Entrevue avec Jonathan Roy, président de l’Union québécoise des microdistilleries (UQMD) et copropriétaire de la Distillerie Fils du Roy (Saint-Arsène).
Cette surtaxe correspond aux frais de distribution de la Société des alcools du Québec (SAQ). Quand la SAQ vent un de nos produits, elle le teste en laboratoire, fait un suivi pour les étiquettes, nous aide et distribue notre produit d’un bout à l’autre de la province. Ça vient avec un coût et c’est tout à fait juste. Là où ça devient anormal, c’est qu’on paie ces mêmes frais quand on vend nos produits directement dans notre boutique à la distillerie. On prend nos bouteilles dans notre entrepôt, on les met sur nos tablettes, on paie des employés qui accueillent les clients et on doit quand même payer des frais à la SAQ. Ça devient extrêmement cher payé pour vendre chez nous!

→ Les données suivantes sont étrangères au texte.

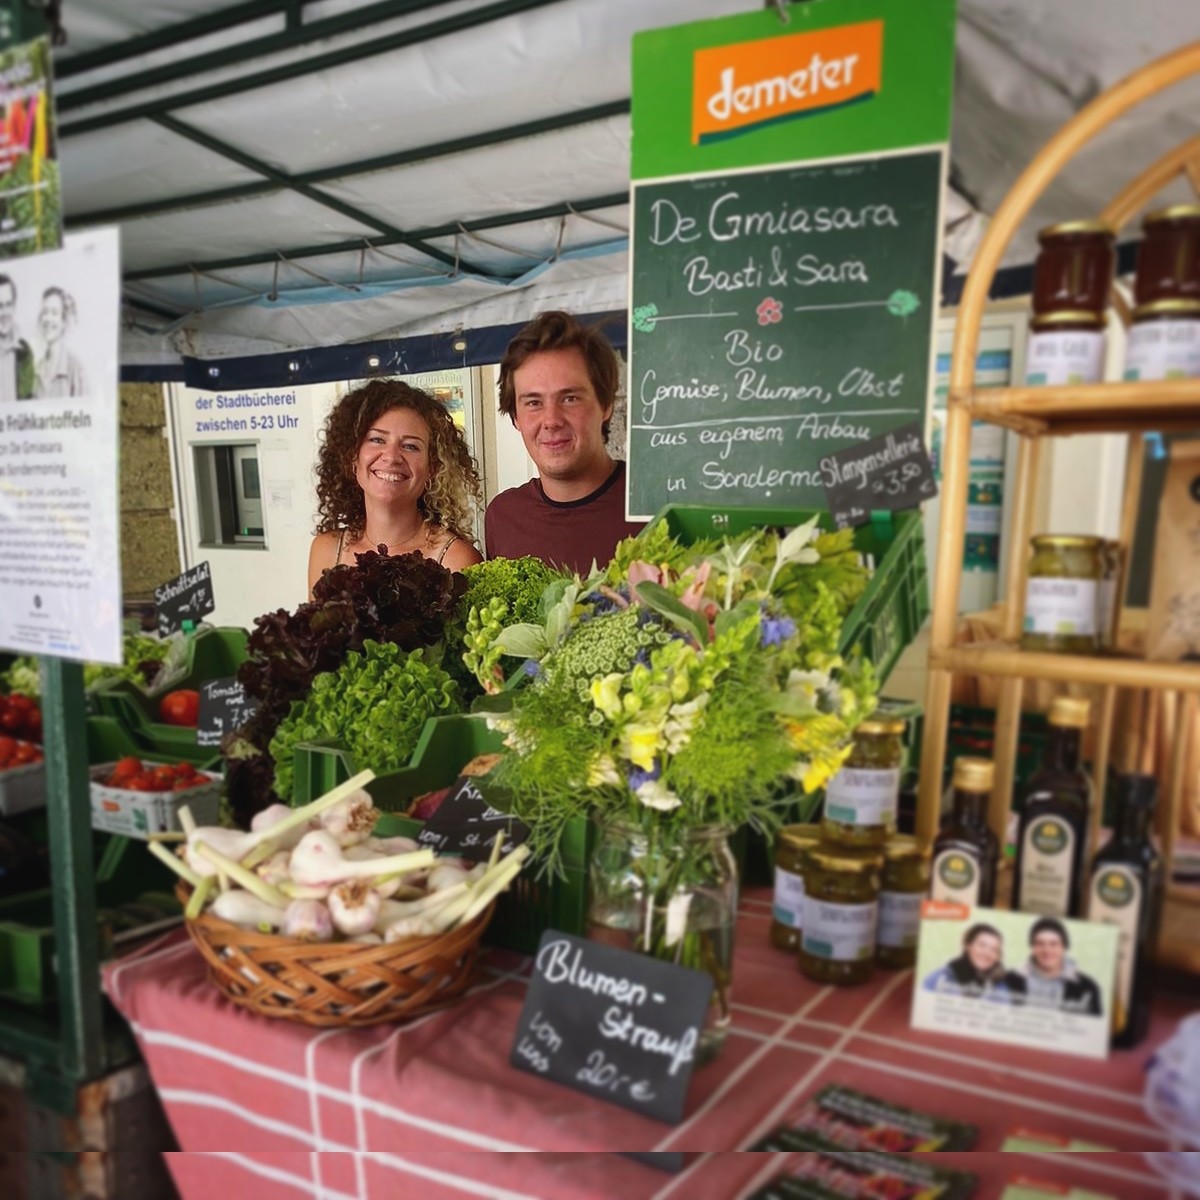 Besichtigung des Bio-Gemüsebaubetriebs der "De Gmiasara“, Sebastian Rieder und Sara Müllner.

Je vous donne l’exemple de notre gin Rocher Malin. On le vend 45$. La surtaxe de la SAQ représente 20,19$. Comme on paie aussi plusieurs autres taxes (TPS, TVQ, taxe canadienne sur l’alcool, taxe d’accise), je reçois 14,26$ pour chaque bouteille vendue à la distillerie.
Pour le gouvernement, c’est peu d’argent. Pour nous, ce montant qu’on doit payer à la société d’État fait toute la différence du monde entre une entreprise rentable et une entreprise qui survit de peine et de misère. La réglementation actuelle est prohibitive, faite pour décourager les gens de produire de l’alcool. Et ça marche!
« On pense qu'au Québec, la prohibition d’alcool c’est de l’histoire ancienne… mais on n’en est pas totalement sorti! Les lois actuelles découragent la production et la vente de spiritueux. »
On est à peu près tous en mode survie, en attendant que la réglementation change. L’UQMD représente 50 distilleries québécoises qui travaillent avec un alambic, qui font le travail d’artisan. Le nombre de ces petites distilleries est à la hausse. Plus il y a de distilleries qui ouvrent, plus ça devient difficile de survivre. Il y a de la place pour toutes, mais si ça ne change pas, oui, on va voir des distilleries fermer prochainement.
L’abolition de la surtaxe nous permettrait d’embaucher de la main-d’œuvre [pour les ventes à la distillerie]. Le manque à gagner nous prive d’employés. On aurait par exemple besoin de trois employés supplémentaires pour accueillir les clients l’été. Ça nous laisserait du temps pour organiser des activités et proposer des projets d’agrotourisme qui permettraient de faire découvrir les distilleries à travers le Québec.
Si on avait plus de revenus, ça nous permettrait aussi d’ouvrir la boutique à l’année et d’être autonomes dans la création de notre alcool. Pour le moment, plusieurs distilleries achètent de l’alcool (au lieu de le fabriquer) parce que ça demande moins d’équipement, moins d’employés et moins d’investissements.
Oui, bien sûr! On a vu avec la pandémie que les gens s’intéressent à l’agrotourisme, au circuit court. Nous sommes des passionnés, nous aimons leur faire découvrir nos produits, nos régions. La SAQ offre en magasin les nouveautés des distilleries québécoises et ça crée un engouement. C’est bien, ça fait connaître l’industrie, c’est une belle carte de visite, mais une fois cette première vague passée, on n’a pas de commandes mensuelles fiables de la SAQ. On aimerait donc pouvoir vendre nos bouteilles chez nous sans être pénalisés.
On demande que la réglementation change rapidement. On est une jeune industrie, on a le vent dans les voiles. Si on ne veut pas que le bateau se dirige sur un gros rocher, il faut agir. Dans les cinq dernières années, on a vu toutes les provinces ajuster leur réglementation. Bientôt, les alcools d’ailleurs au Canada seront offerts ici à moindre coût et on sera incapables de les concurrencer. Le temps presse.